Jonathan Segal, advogado da firma Duane Morris especializada em recursos humanos e riscos legais para companhias, disse que instituir medidas de distanciamento social será a parte fácil. As dificuldades virão de policiar isso. “O que fazemos quando alguém não respeita o distanciamento social? Me parece que o que é uma conduta aceitável precisa ser redefinido”, disse Segal, que acredita que desobedecer as novas regras “deve resultar em desqualificação para o trabalho”.

Inevitavelmente, alguns empregados vão se desqualificar.
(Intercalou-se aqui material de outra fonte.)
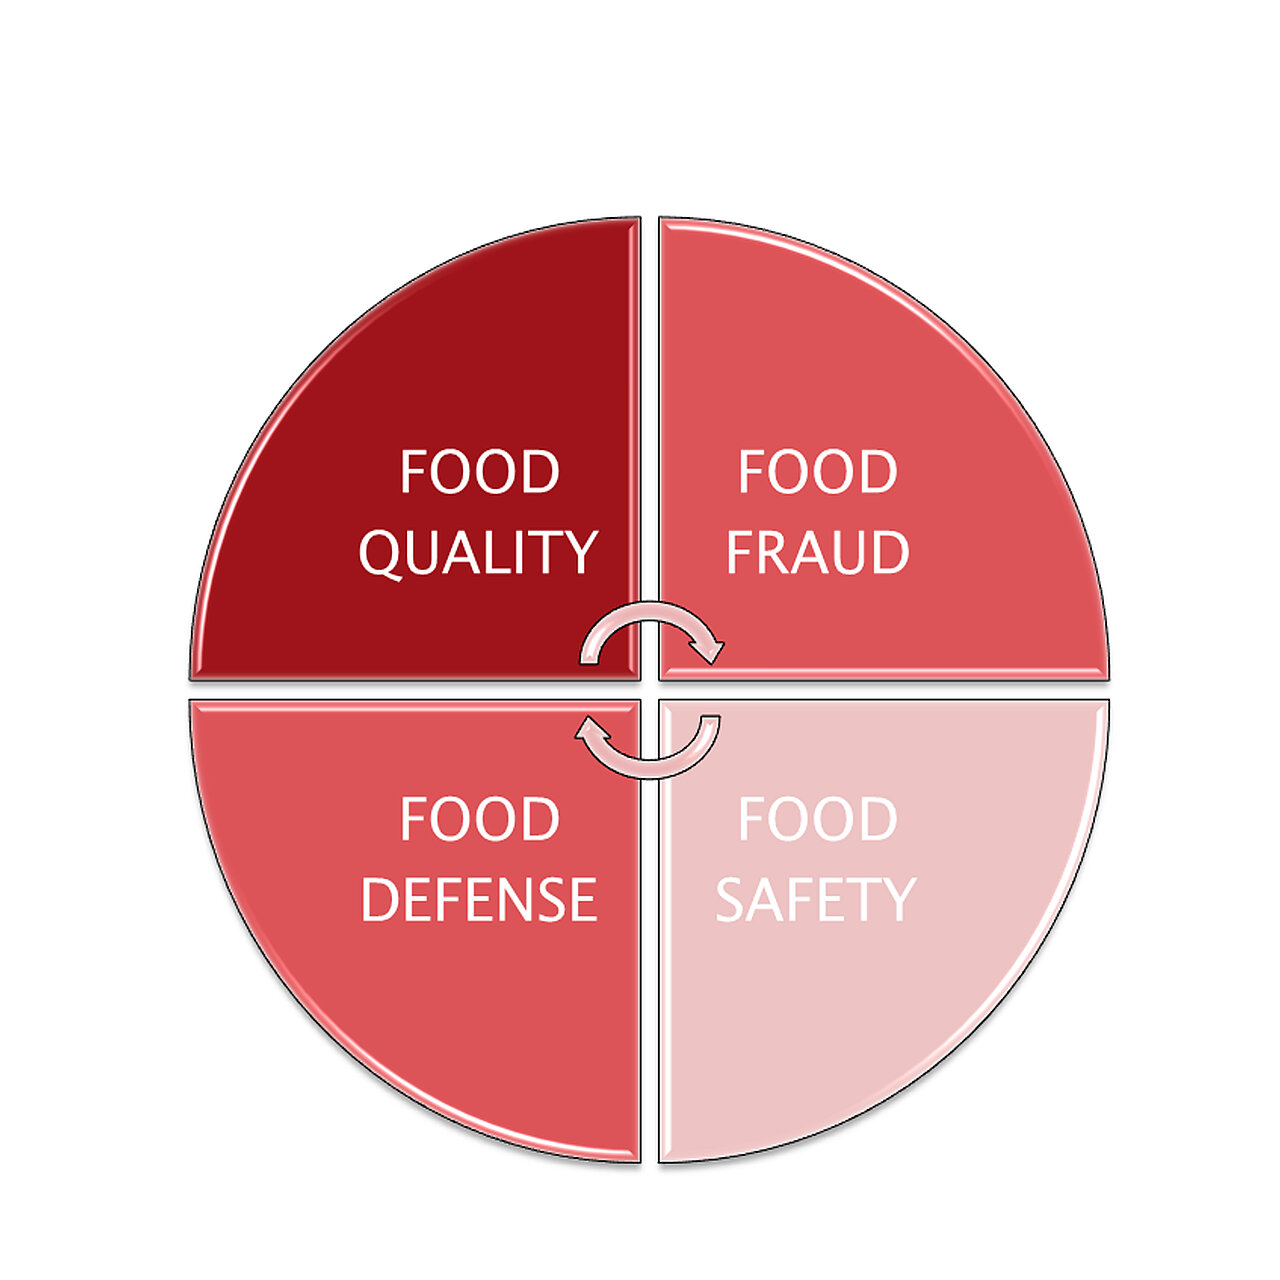  Een goed food defense-plan is voor bedrijven in de voedingsindustrie onontbeerlijk om optimale voedselveiligheid te garanderen

Mas incentivos para evitar um surto estão claros: quando uma instalação de processamento de carne de porco em Smithfield em Dakota do Sul não conseguiu controlar um surto de COVID-19, isso fez centenas de funcionários ficarem doentes e a fábrica teve que fechar, o que prejudicou a reputação da companhia e sua base de mão de obra. Para empregadores que competem pelos melhores talentos, não aderir a diretrizes do COVID-19 no escritório pode ter riscos adicionais. Segal disse que os maiores talentos podem fugir para um competidor, e funcionários assustados podem se mostrar menos produtivos.

E mesmo se um empregador fazer tudo direito, um surto de COVID-19 no escritório continuará sendo uma possibilidade. Considerando o que será necessário para trazer todo mundo de volta para o escritório – com máscaras, escritórios mais vazios, a incerteza e a ansiedade geral – talvez a questão não seja quando os trabalhadores remotos voltaram para o trabalho, mas quando eles terão que voltar a trabalhar de casa.